Citation: Poulsen EG, Steinhauer C, Lees M, Lauridsen A-M, Ellgaard L, Hartmann-Petersen R (2012) HUWE1 and TRIP12 Collaborate in Degradation of Ubiquitin-Fusion Proteins and Misframed Ubiquitin. PLoS ONE 7(11): e50548. https://doi.org/10.1371/journal.pone.0050548

Editor: Alexander F. Palazzo, University of Toronto, Canada

Received: September 14, 2012; Accepted: October 24, 2012; Published: November 27, 2012

Copyright: © 2012 Poulsen et al. This is an open-access article distributed under the terms of the Creative Commons Attribution License, which permits unrestricted use, distribution, and reproduction in any medium, provided the original author and source are credited.

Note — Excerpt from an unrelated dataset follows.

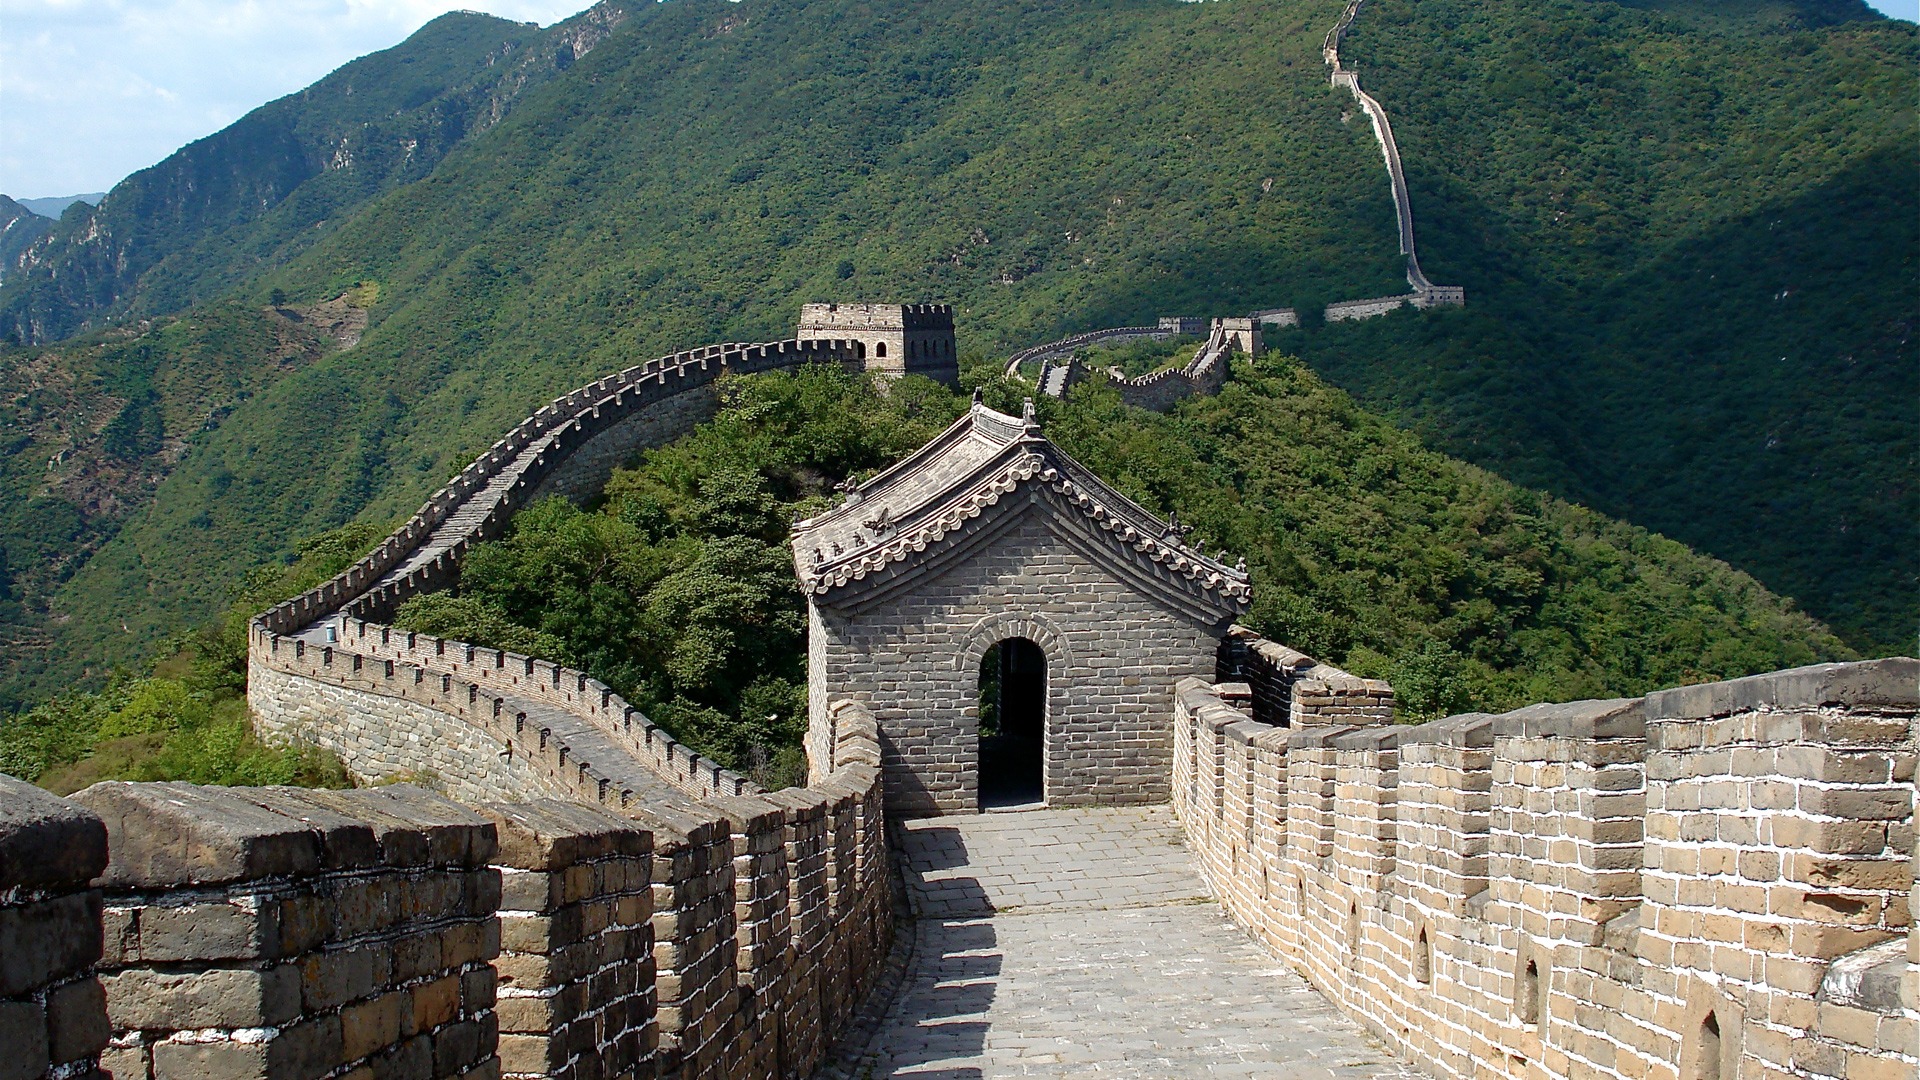 Man Made Great Wall Of China 1920x1080

Funding: This work has been supported financially by grants to RHP and LE from the Lundbeck Foundation and the Danish Natural Science Research Council. The funders had no role in study design, data collection and analysis, decision to publish, or preparation of the manuscript.

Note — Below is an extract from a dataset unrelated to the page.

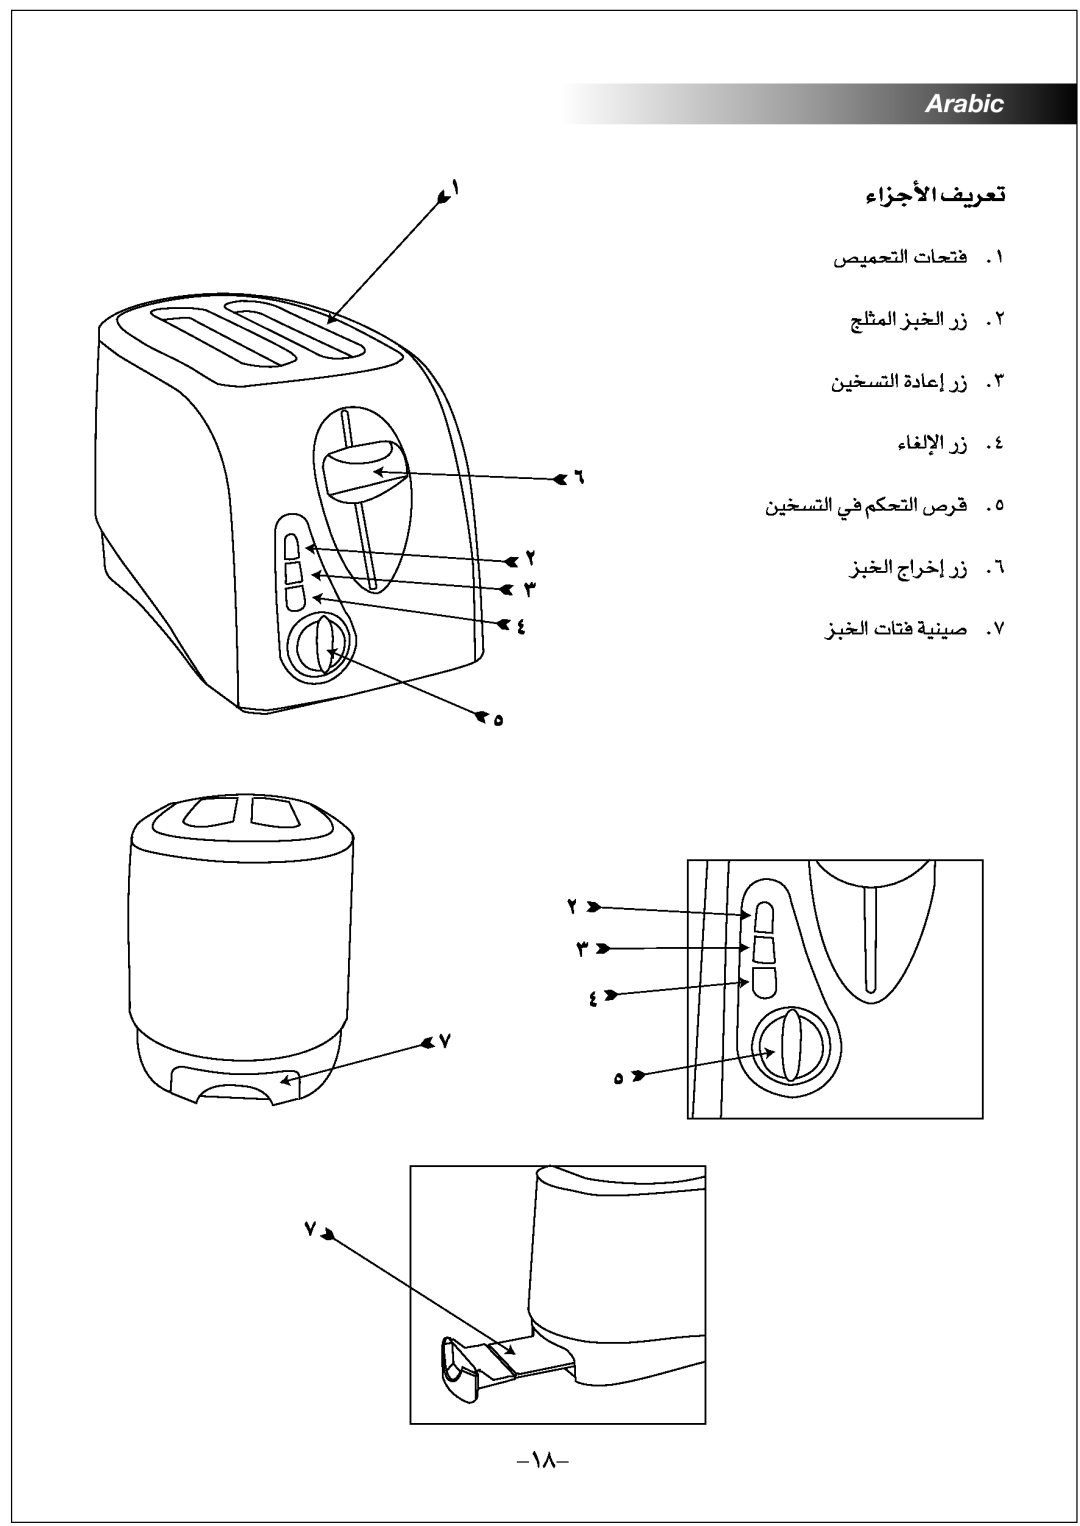 Black & Decker ET202 manual Arabic, §e«¡ « ¢Fd¥n, LOh∞∑ « U‹≠∑, ºªOs∞∑« w≠ Jr∞∑ « Æd’

Competing interests: The authors have declared that no competing interests exist.

Introduction

The ubiquitin-proteasome system (UPS) is responsible for the majority of intracellular protein degradation, and also plays an important regulatory role in many cellular processes, including metabolism, cell division, DNA repair, antigen presentation, signal transduction, and development [1].

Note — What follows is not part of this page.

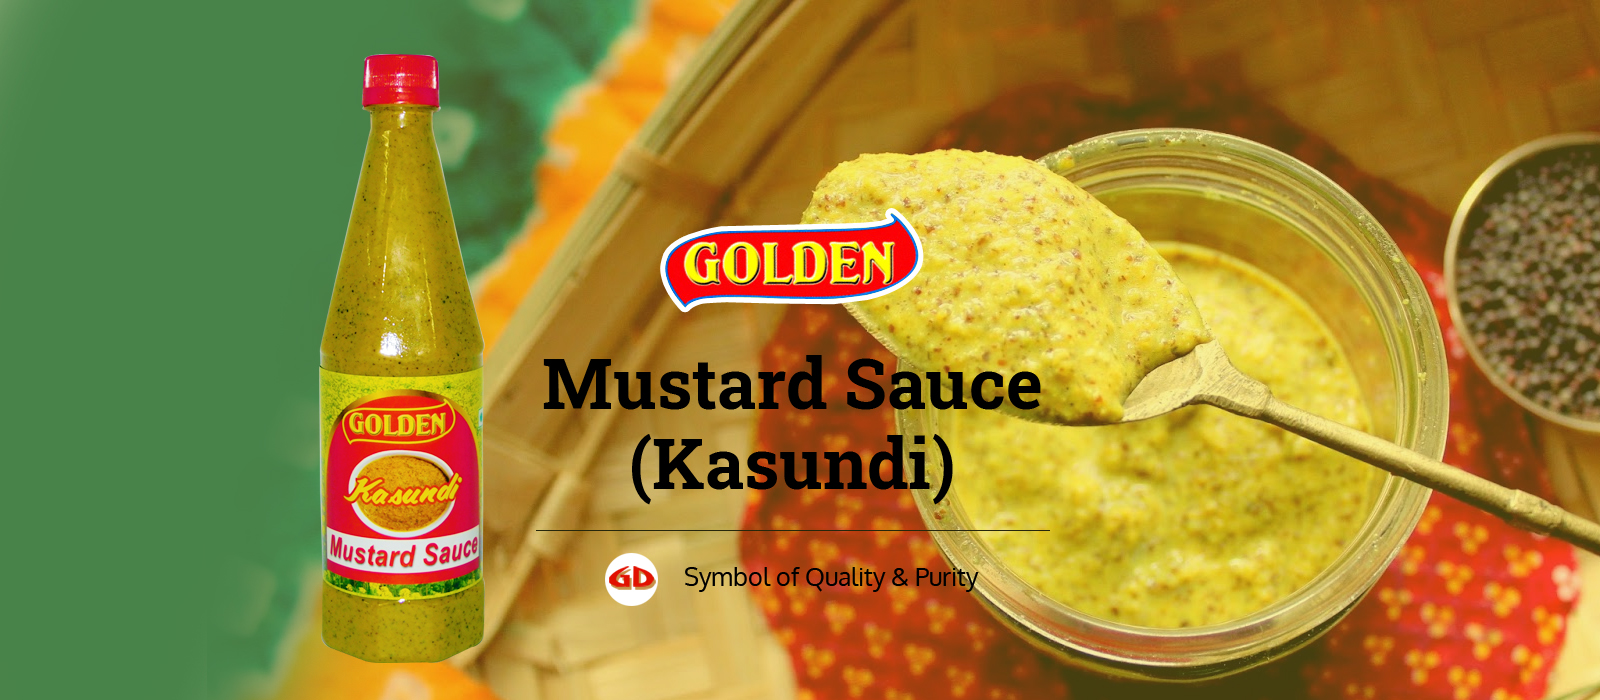 Golden Mustard Sauce (Kasundi)

With few exceptions, proteins must be conjugated to a chain of ubiquitin before they become substrates for the 26S proteasome. The conjugation reaction relies on a cascade of three enzymes, termed E1, E2, and E3 that conjugate the small protein ubiquitin to specific target proteins [1]. In this enzyme cascade the ubiquitin-activating enzyme (E1) first activates ubiquitin in an ATP-dependent reaction by forming a thioester bond with the C-terminal glycine residue (G76) in ubiquitin. Ubiquitin is then transferred to the ubiquitin-conjugating enzyme (E2) before a ubiquitin-protein ligase (E3) transfers ubiquitin to a lysine residue in the target protein. Ubiquitin can also be transferred to a lysine residue in ubiquitin already attached to the target protein, thus forming a chain of ubiquitin moieties. In some cases the ubiquitin chain on the target protein may be elongated by an E4 ubiquitin-chain elongation factor [2].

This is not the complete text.